BCS Championship 2012: Brad Wing and Unheralded Players That Will Decide Title

Mike ChiariFeatured ColumnistJanuary 3, 2012

Everybody already knows about players like Trent Richardson and Tyrann Mathieu, and they are sure to play a major role when the No. 1 LSU Tigers meet the No. 2 Alabama Crimson Tide in the BCS National Championship Game. It isn't always a big-name player that decides a big game, however.

In every sport there have been anonymous players who have either come up big or small in a title game in important moments. In all likelihood, one or more unheralded players will have that type of chance on Jan. 9. Here are three little-known players that will be major deciding factors in the BCS  National Championship Game.


RB Alfred Blue, LSU

While the two-headed monster of Michael Ford and Spencer Ware have carried the LSU offense for much of the season, a new player has emerged in recent weeks. Sophomore running back Alfred Blue is a 6'2", 215-lb. bruiser who has rushed for 287 yards and three touchdowns in his past three games played. The impressive thing is that he has done so without getting more than nine carries in a game.

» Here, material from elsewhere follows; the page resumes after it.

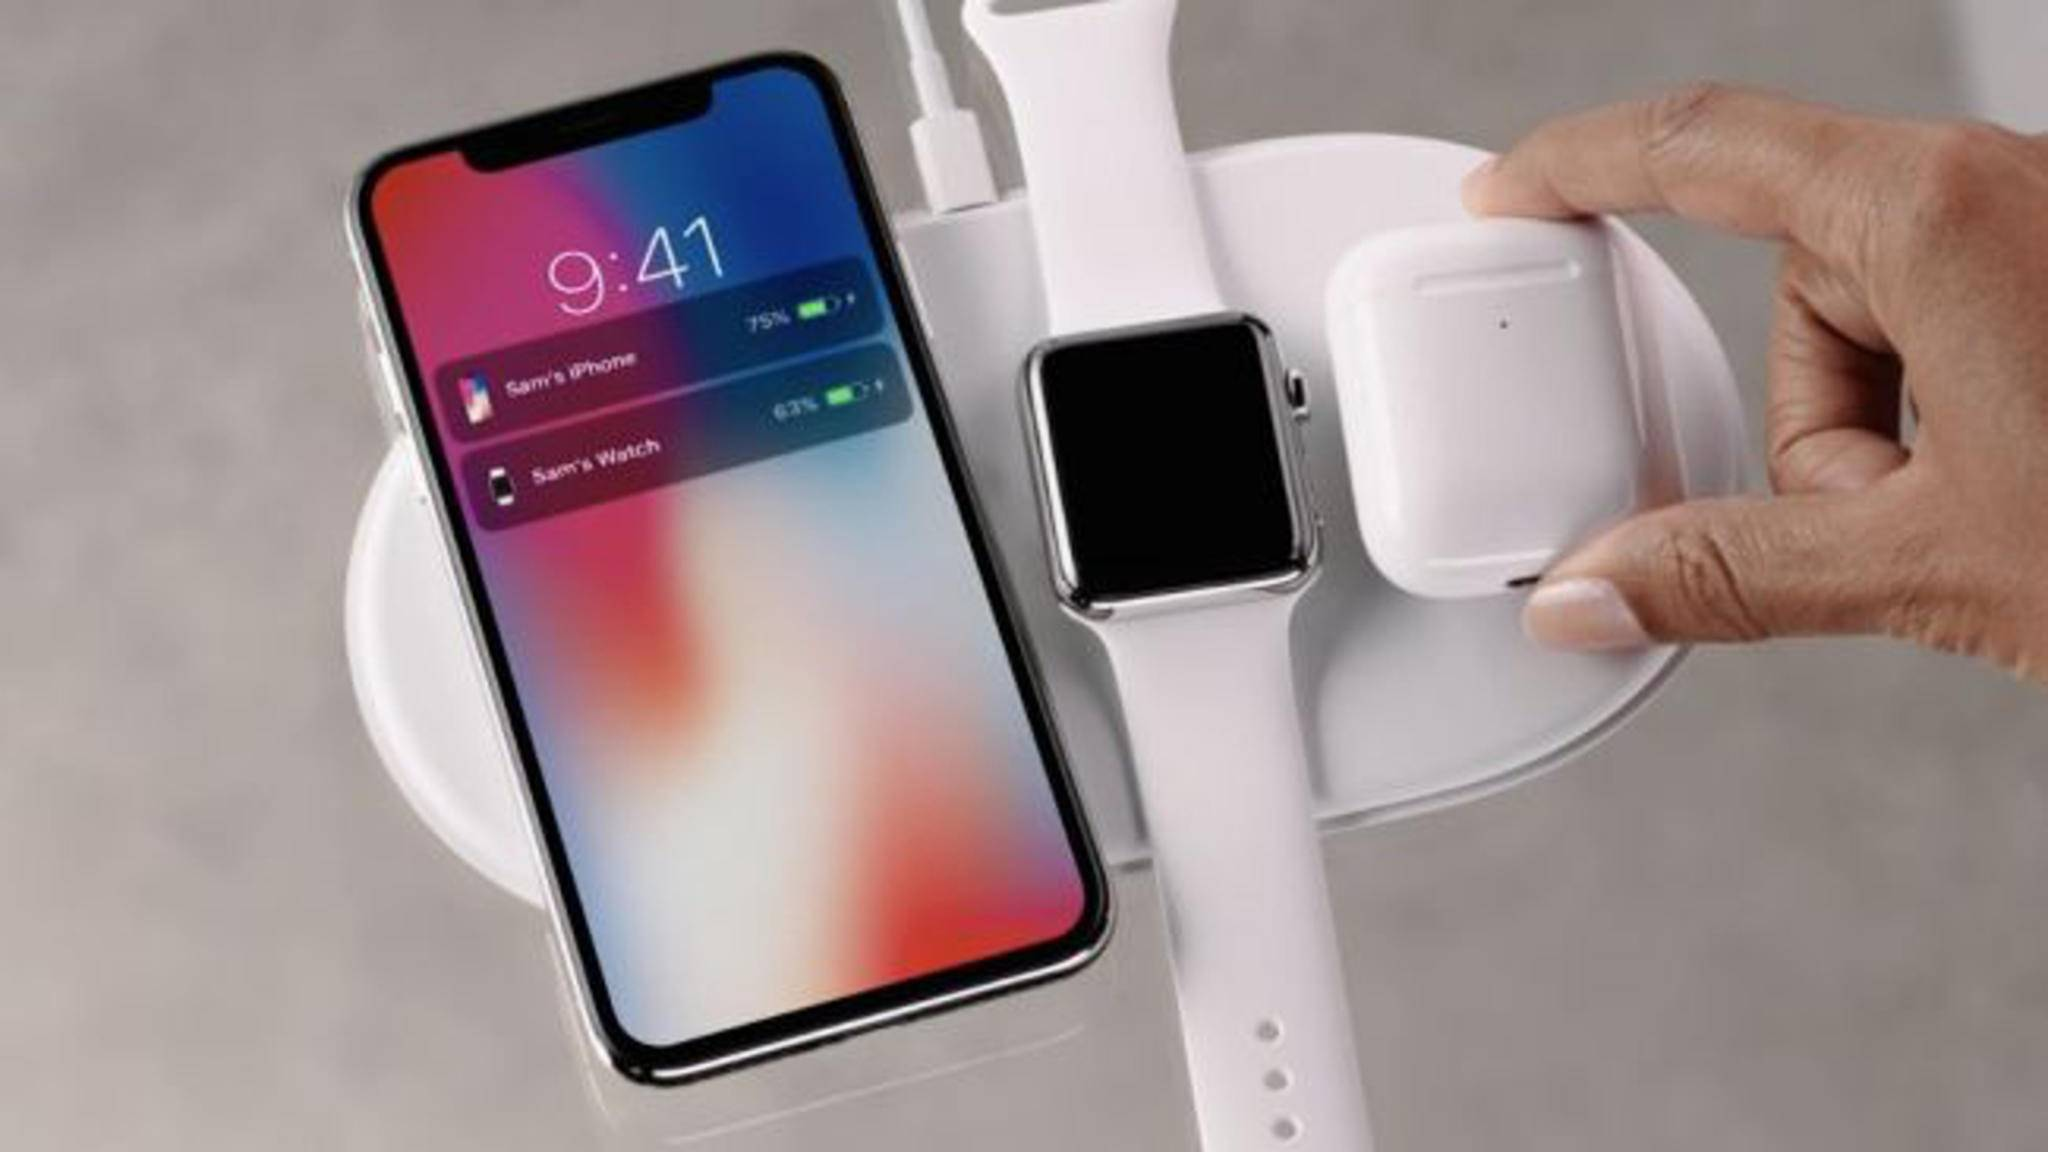 Mit dem AirPower-Ladepad können neuere iPhones, die AirPods und die Apple Watch geladen werden.

With so many great players in the backfield, Blue often gets lost in translation. Blue wasn't used at all when the Tigers beat the Tide 9-6 earlier in the season, but I think that will change in the national championship game. If anybody can run through the rough-and-tumble Alabama defense it's Blue, and I believe he will get a chance to prove it.


K Cade Foster, Alabama

When it comes to field goals from less than 40 yards, the Crimson Tide have one of the most accurate kickers in college football in Jeremy Shelley. The issue, however, is that Shelley simply doesn't have the range to kick field goals much longer than that. Because of that, Alabama likes to use Cade Foster from long range.

Foster may have the range to get the ball there from beyond 40 yards, but his accuracy is severely lacking as evidenced by his 22 percent conversion rate this season. His biggest failure came earlier in the year against LSU as he made one of two field goals from 40 to 49 yards, and missed both attempts from beyond 50 yards. Because of how good LSU's defense is the Tide will likely have to settle for some long field goals, that means that Foster will have to be much better.

P Brad Wing, LSU

He may not have been a finalist for the Ray Guy Award, but I don't think it is a stretch to call Brad Wing the best punter in college football. Wing averaged over 44 yards per punt this season and routinely pinned opponents inside their own 20. As good as the Tigers' defense has been all year long, one of the reasons for that is Wing putting them in a position to succeed.

In what is sure to be a defensive battle, field position will be of the utmost importance in the title game. This puts Wing at the forefront since he can flip the field in LSU's favor and force Alabama to start deep inside its own territory. If Wing kicks the way he has all season long, then it will give the Tigers a major advantage that could be invaluable.